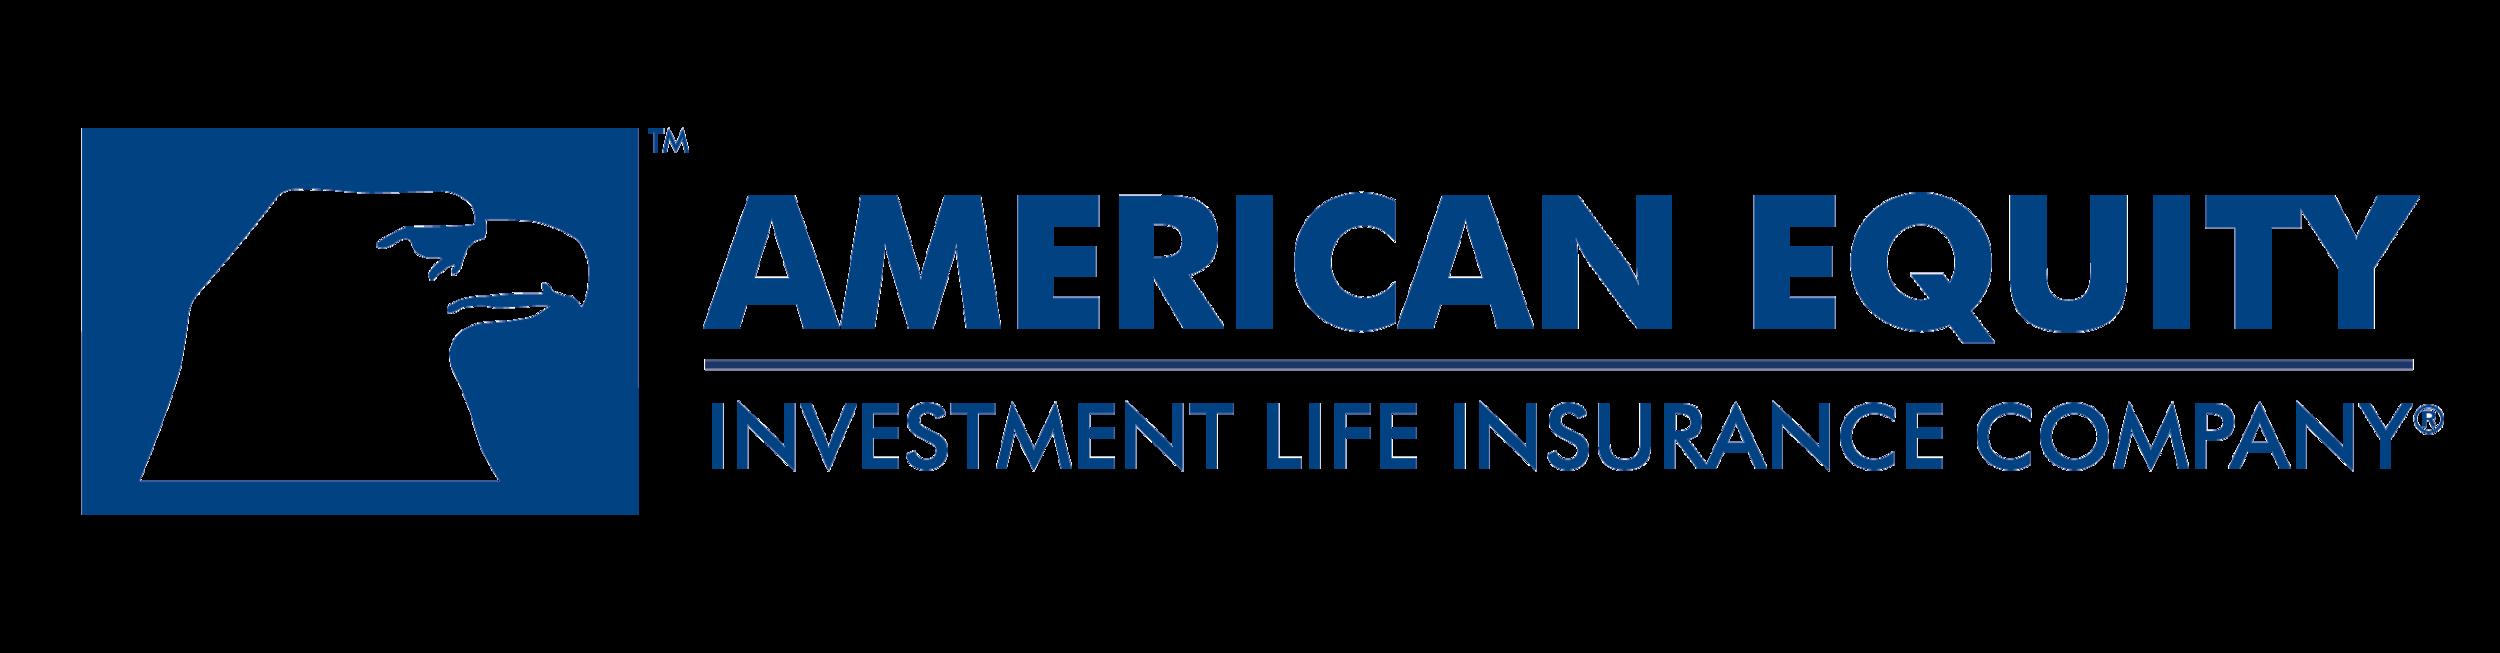 american-equity-impact-iowa-sponsor-2019
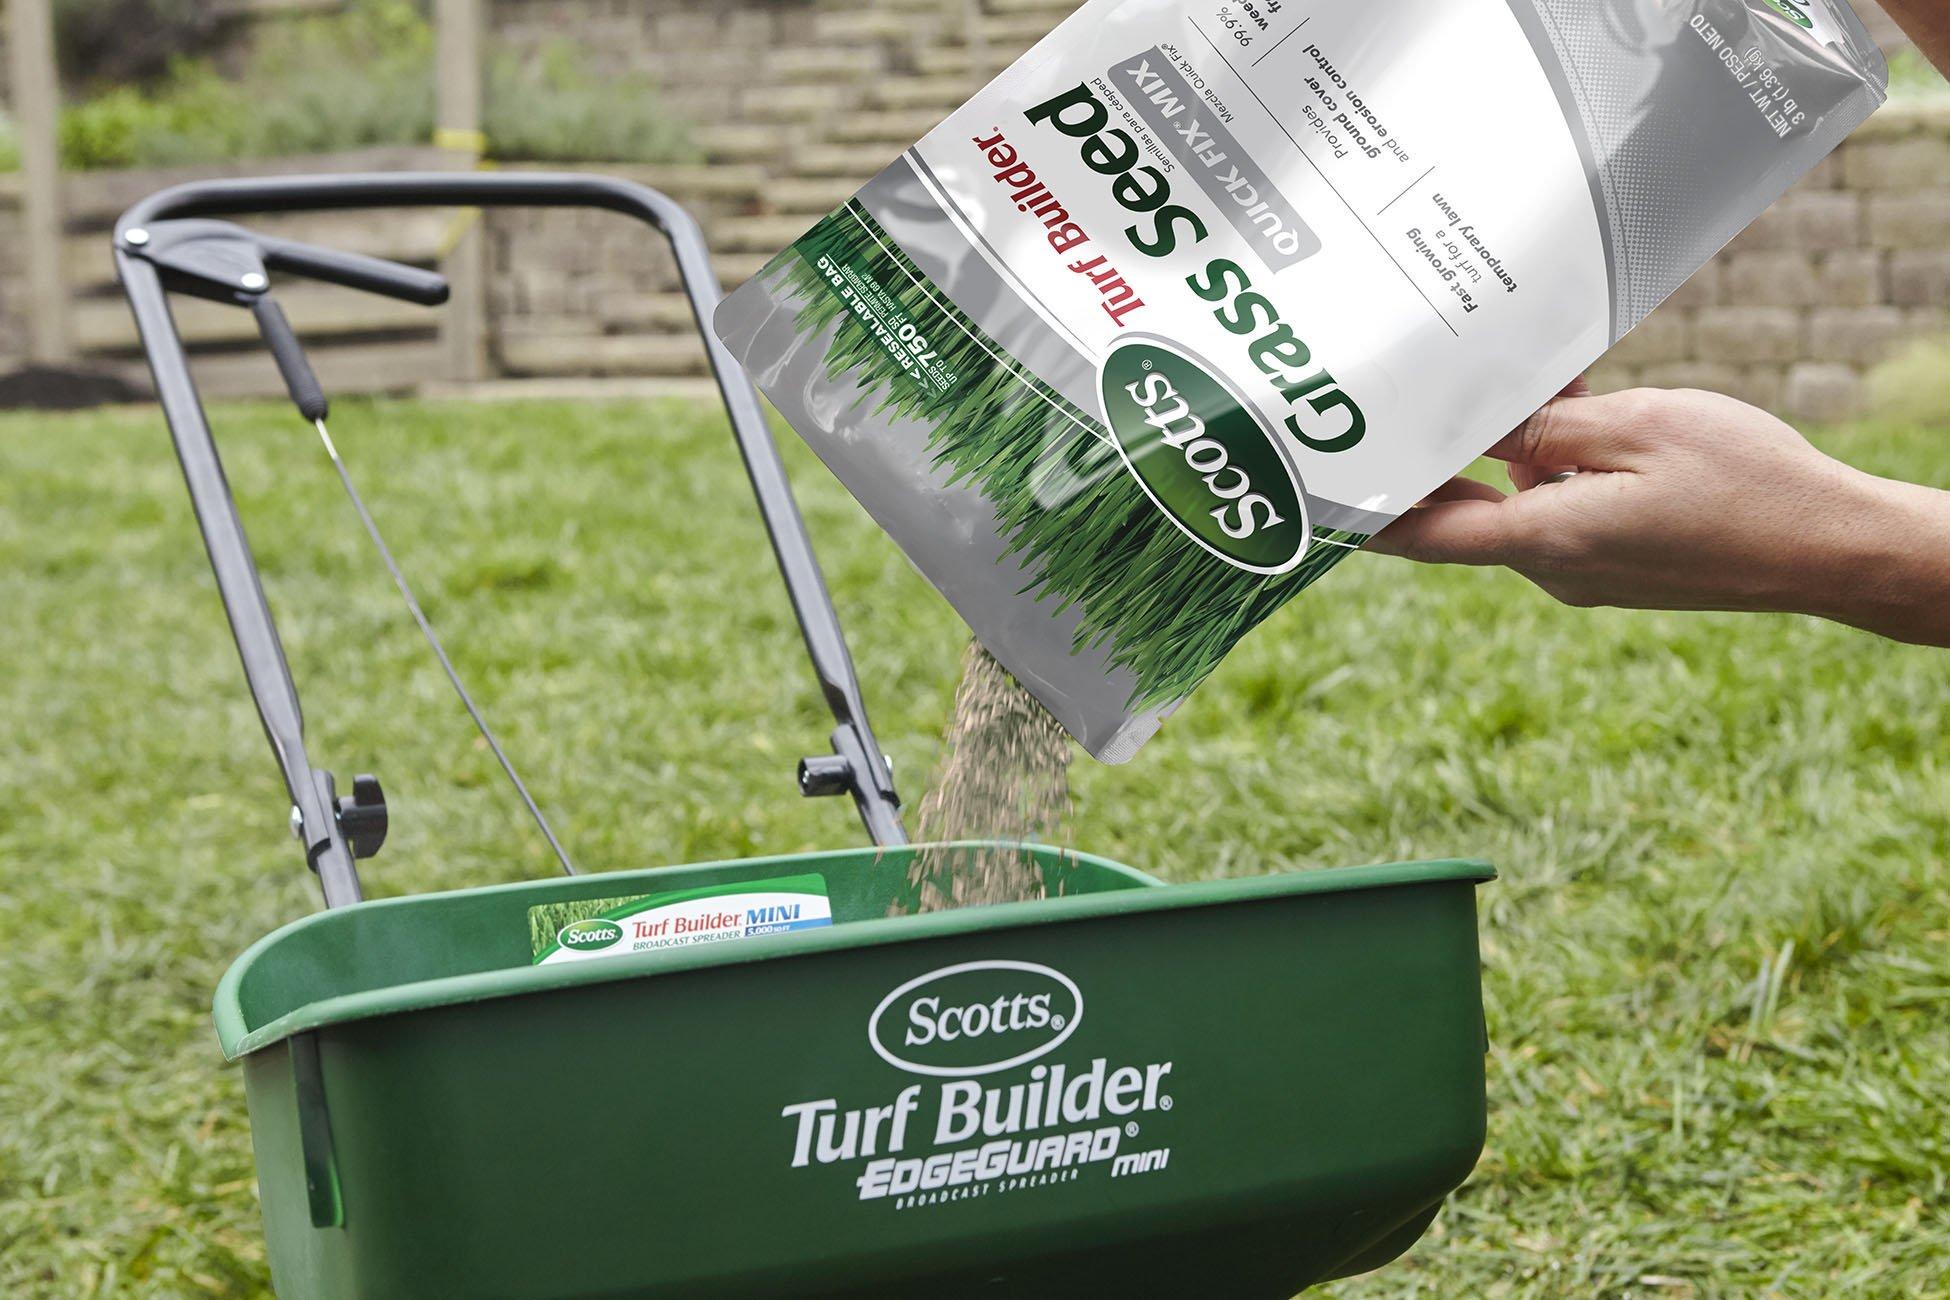 Scotts Turf Builder Quick Fix Mix, 3 Pounds by Scotts
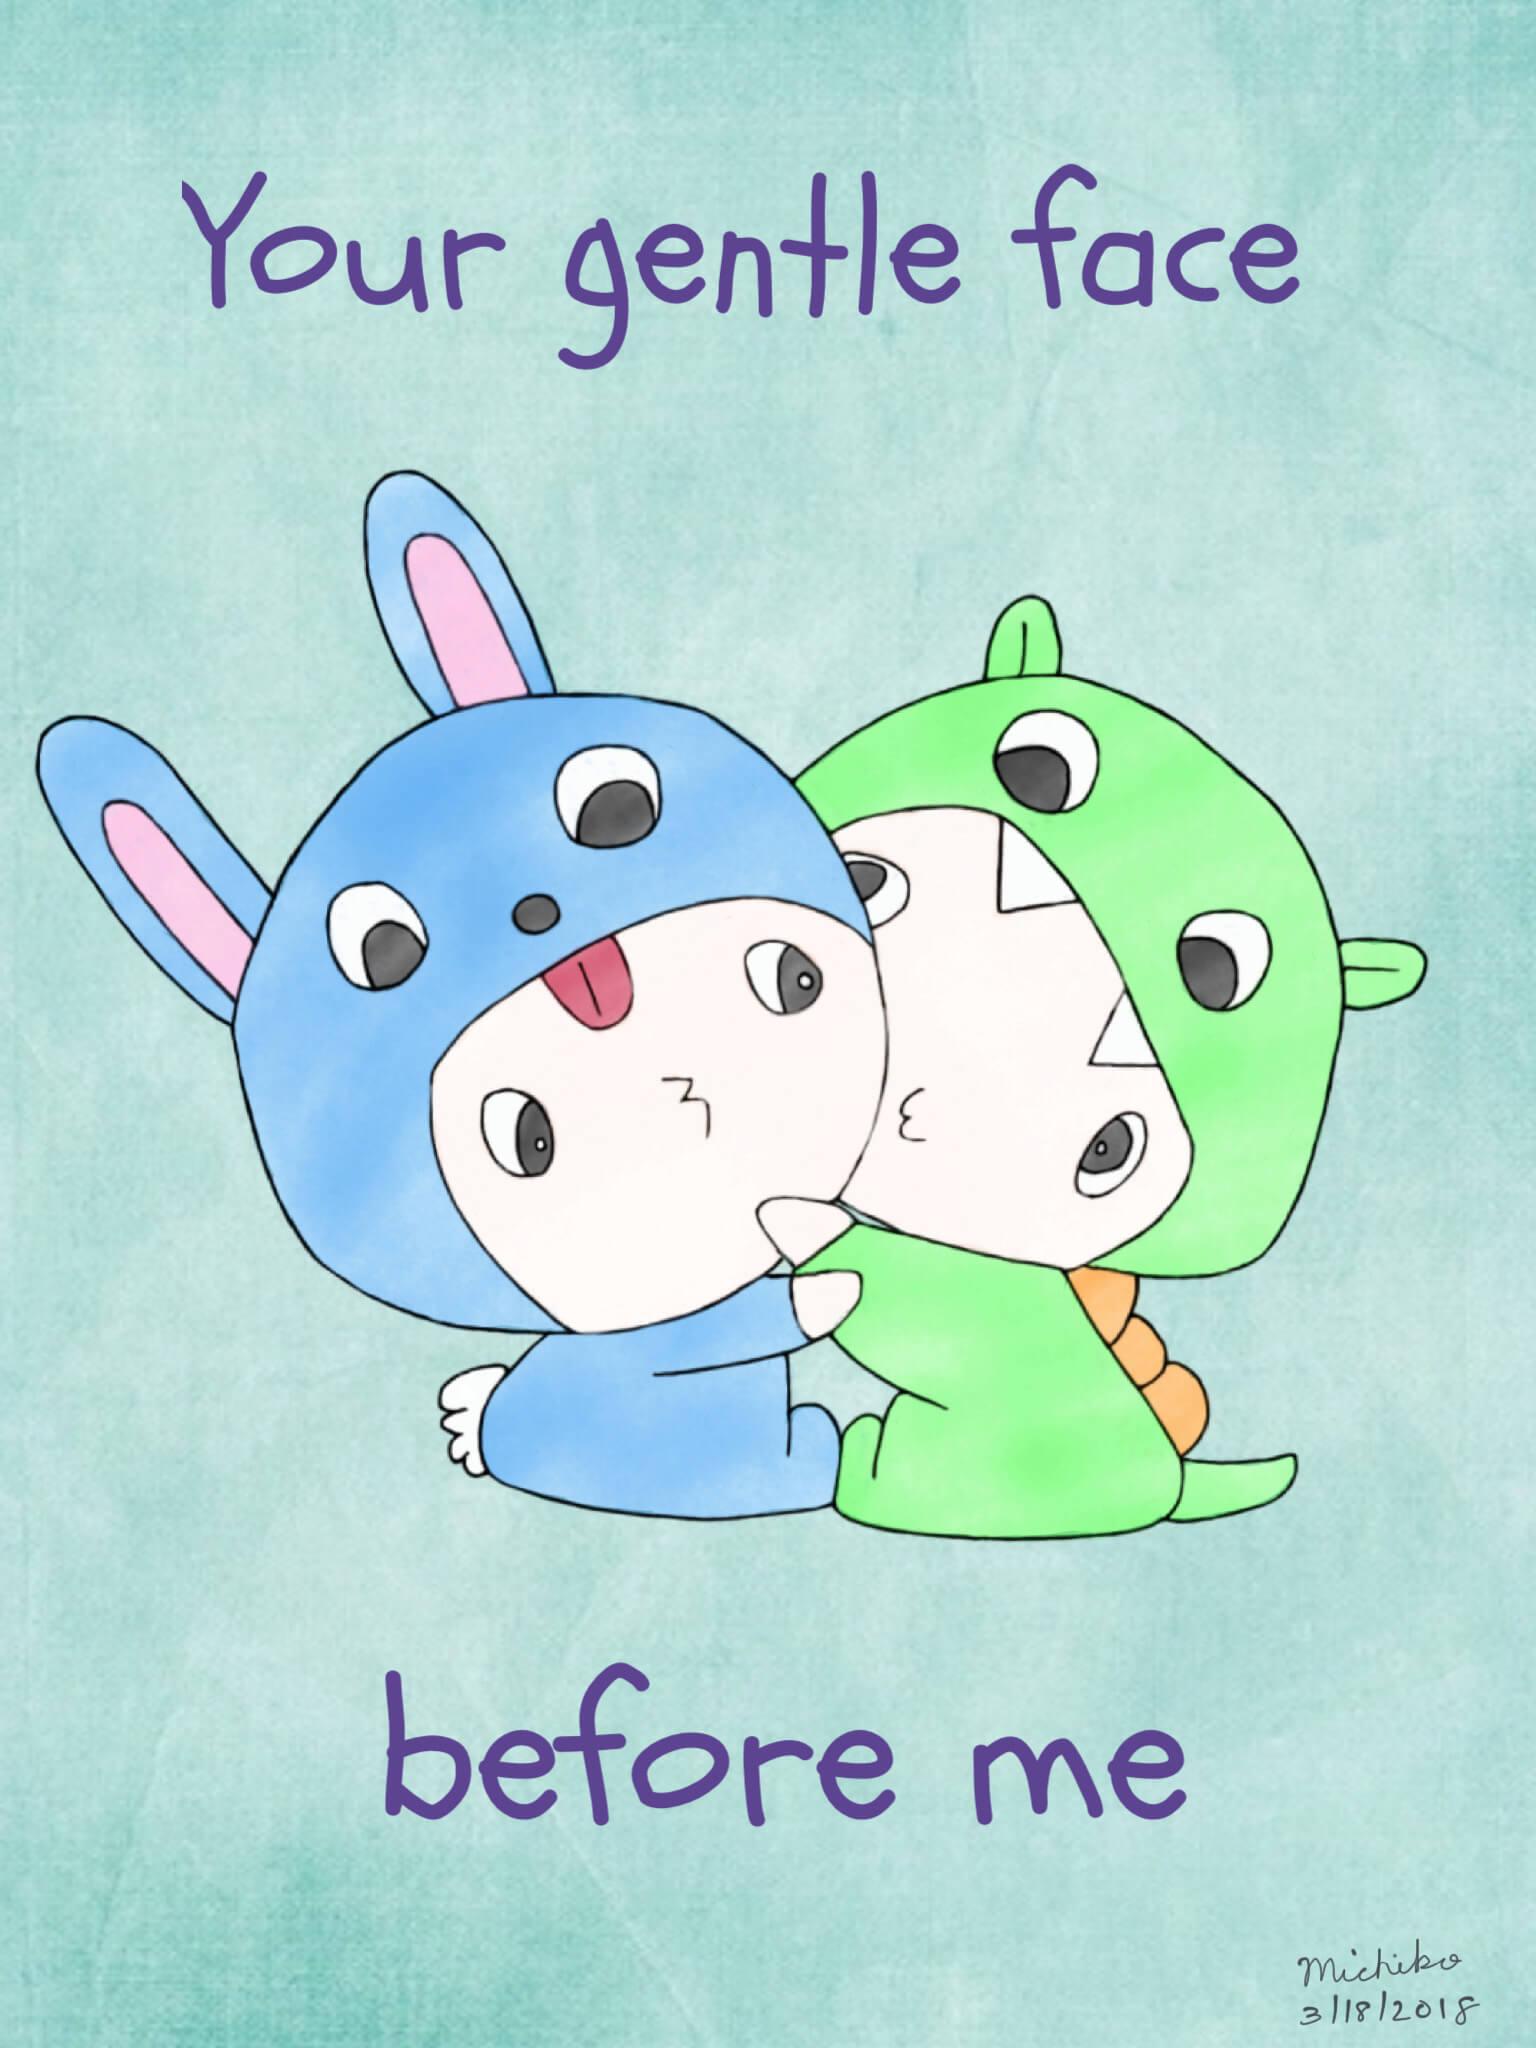 Gentle face

========================

Exactly the lines from the one containing "Scotts Turf Builder" through the end of the data above: repeat those, both ends included, and nothing else. Skip the pictures.

 Scotts Turf Builder Quick Fix Mix, 3 Pounds by Scotts
 Gentle face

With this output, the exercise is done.